Structure of TableB: id_of_B, foreign_id_of_A,... and foreign constraint from foreign_id_of_A to A-table.id_of_A.
And it's very difficult to select needed foreign_id_of_A while insert new row into TableB because only value of id_of_A is visible. Could central columns help me with this problem? How central column works?

Central Column
You can add/remove columns to the list as per your requirement. These columns in the central list will be available to use while you create a new column for a table or create a table itself. You can select a column from central list while creating a new column, it will save you from writing the same column definition over again or from writing different names for similar column.
To allow the usage of this functionality:
set up $cfg['Servers'][$i]['pmadb'] and the phpMyAdmin configuration
storage
put the table name in $cfg['Servers'][$i]['central_columns'] (e.g. pma__central_columns)
This feature can be disabled by setting the configuration to false.

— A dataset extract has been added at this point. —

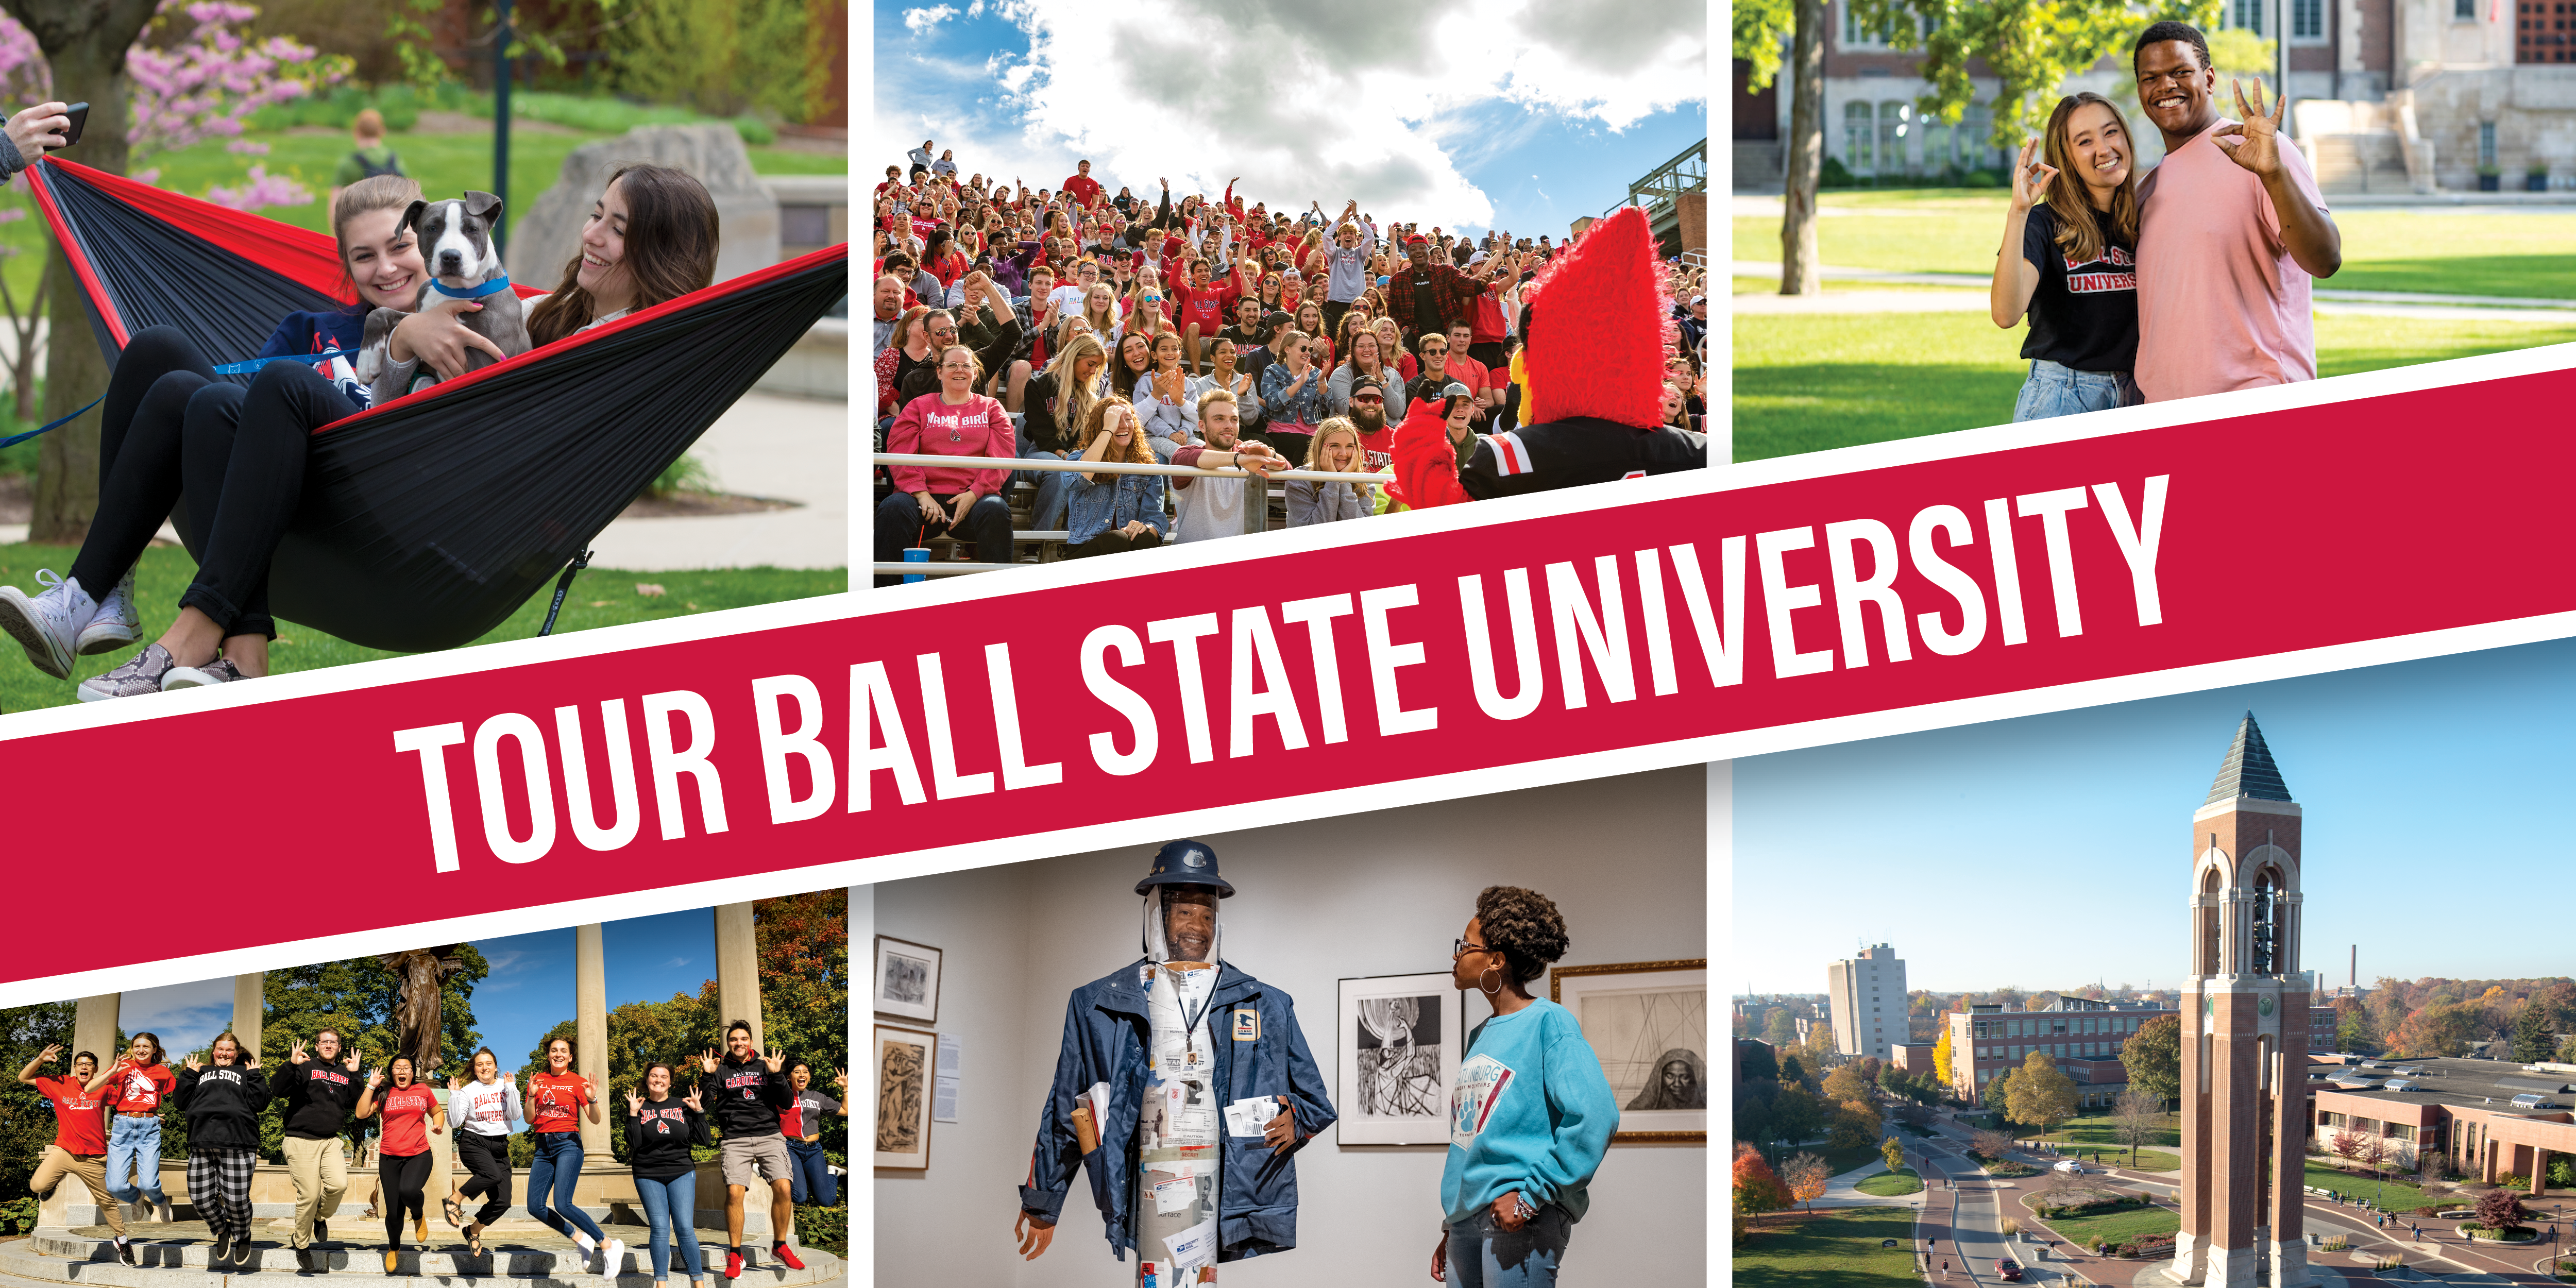 Collage of pictures that show various activities and landmarks around campus with text reading "Tour Ball State University."

Perhaps the feature that you are looking for is the "Display Column" under "Relation View" in the table structure view. This allows you to choose what column is shown in the PHPMyAdmin interface regardless of what is stored in the database foreign key constraint.
If the line is not shown than you need to enable the feature in PHPMyAdmin. See the FAQ Entry and relevant configuration option entries: $cfg["servers"][$i]["relation"] and $cfg["servers"][$i]["table_info"] (in the previous link, at the time of posting (I don't have enough reputation to post more than 2 links)).
Essentially you create a couple of tables in a database that PHPMyAdmin can use to store additional data and then tell it which tables these are. Once this is done PHPMyAdmin will let you choose which columns to display (on mouse over of the linked column, and while editing data). If you installed it on a Linux distribution via a package manager it should have already created these tables for you (or at least asked you if you wanted to), if it did not, re-installing the package may help. I don't have any experience with installing it on Windows or Mac OS X, but I would presume that there is some automated method of creating these tables for those platforms.
(On Debian and Debian-based Linux Distributions (such as Ubuntu), the extra database is configured with db-config-common. If it was not configured at install time, dpkg-reconfigure phpmyadmin will allow you to set up the database (please note that this might destroy some user/system preferences in PHPMyAdmin).)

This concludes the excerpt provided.